Factors predicting outcome of total thyroidectomy in young patients with multiple endocrine neoplasia type 2: a nationwide long-term follow-up study.

机构信息

Department of Surgery, University Medical Center Utrecht, Hpnr. G04.228, Heidelberglaan 100, 3584CX Utrecht, The Netherlands.

出版信息

World J Surg. 2010 Apr;34(4):852-60. doi: 10.1007/s00268-009-0370-2.

Abstract

BACKGROUND Multiple endocrine neoplasia type 2 (MEN 2) is caused by a RET mutation in chromosome 10. All MEN 2 patients develop medullary thyroid carcinoma (MTC). The age-related risk of MTC is associated with the type of RET mutation. Our aim was to identify prognostic factors associated with recurrent MTC in MEN 2 patients. METHODS In a nationwide case-control study, all patients who underwent total thyroidectomy in the Netherlands under the age of 20 years were classified into standard (1), high (2), or very high risk (3) for MTC based on RET-mutation type. Disease-free patients were compared with those with recurrent disease. RESULTS A total of 93 patients were included in the study. Sixty-six percent had MTC on histology, the youngest being 1 year old. Codon 634 was most affected. Sixteen (18%) patients had persistent or recurrent disease, one of whom died. Significantly associated determinants of outcome in univariate analysis were higher age at surgery, no age-appropriate prophylactic surgery according to risk level, elevated preoperative calcitonin levels, affected codon, and the presence of lymph node metastases at surgery. On multivariate analysis only age of surgery was the single independent factor associated with persistent disease. CONCLUSIONS Prophylactic thyroidectomy beyond the recommended age is associated with persistent/recurrent disease.

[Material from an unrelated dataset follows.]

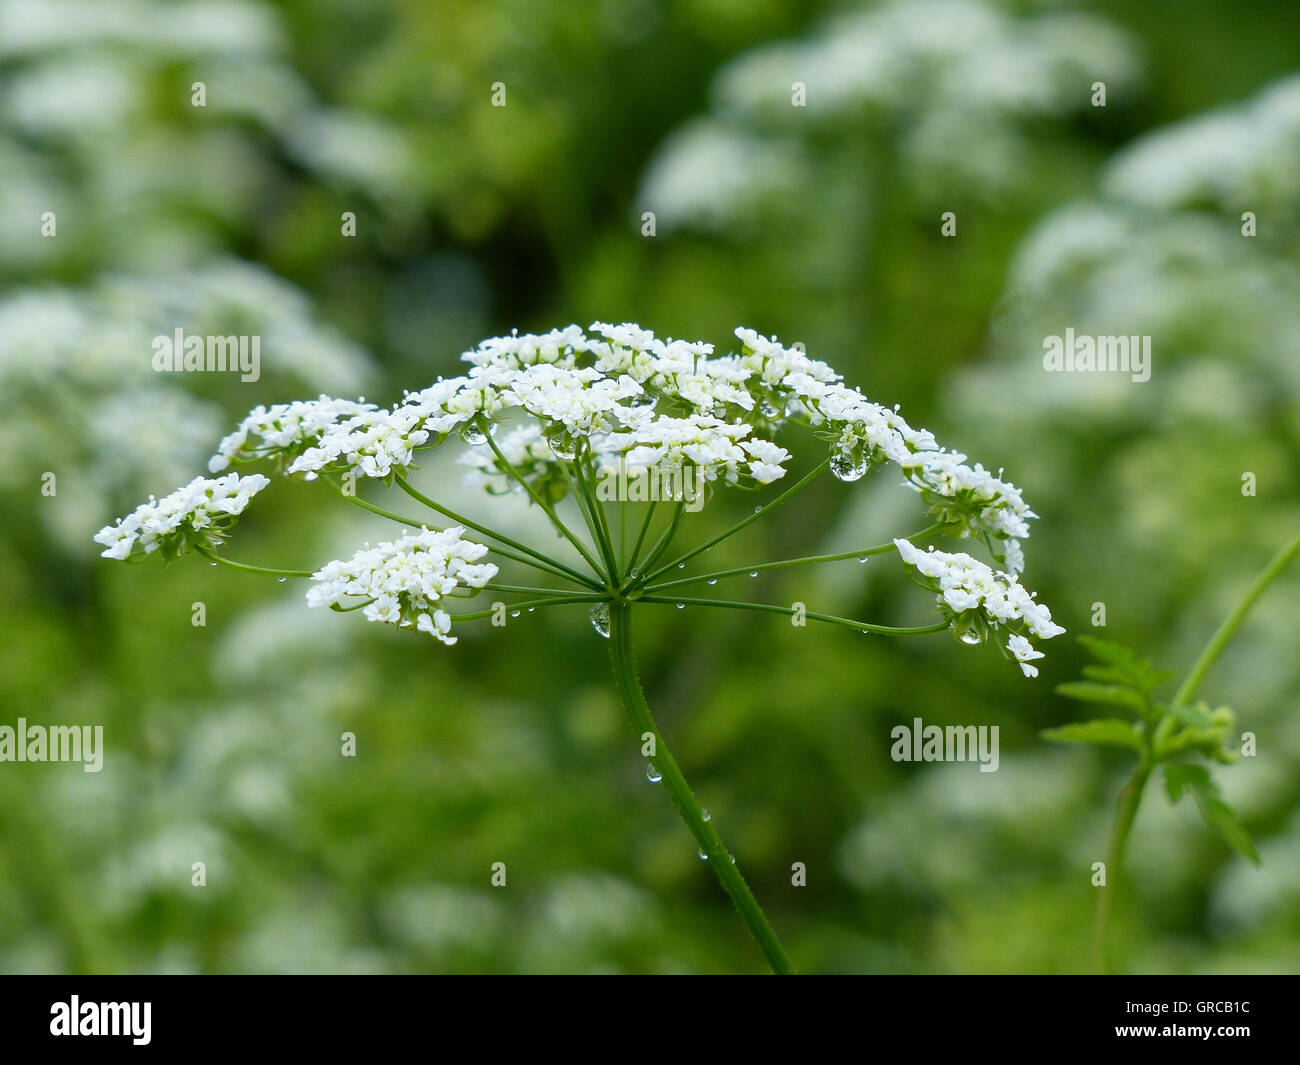 White Umbellifer, Fool S Parsley, Very Highly Poisonous Stock Photo - Alamy

In addition, codon 634 mutation is associated with a high risk of recurrence requiring early surgery for all these patients.

摘要

背景

多发性内分泌腺瘤病 2 型(MEN 2)是由 10 号染色体上的 RET 突变引起的。所有 MEN 2 患者都会发展为甲状腺髓样癌(MTC)。MTC 的年龄相关风险与 RET 突变类型有关。我们的目的是确定与 MEN 2 患者复发性 MTC 相关的预后因素。

方法

在一项全国范围内的病例对照研究中,根据 RET 突变类型,将所有在荷兰 20 岁以下接受全甲状腺切除术的患者分为标准(1)、高(2)或极高(3)风险 MTC。无疾病患者与复发病例进行比较。

结果

共纳入 93 例患者。66%的患者组织学上有 MTC,最小的为 1 岁。634 密码子受影响最大。16 例(18%)患者有持续性或复发性疾病,其中 1 例死亡。单因素分析中与结局显著相关的决定因素是手术时年龄较高、未根据风险水平进行适当年龄的预防性手术、术前降钙素水平升高、受影响的密码子和手术时存在淋巴结转移。多因素分析仅显示手术时的年龄是与持续性疾病相关的唯一独立因素。

结论

超出推荐年龄的预防性甲状腺切除术与持续性/复发性疾病有关。此外,634 密码子突变与高复发风险相关,所有这些患者都需要早期手术。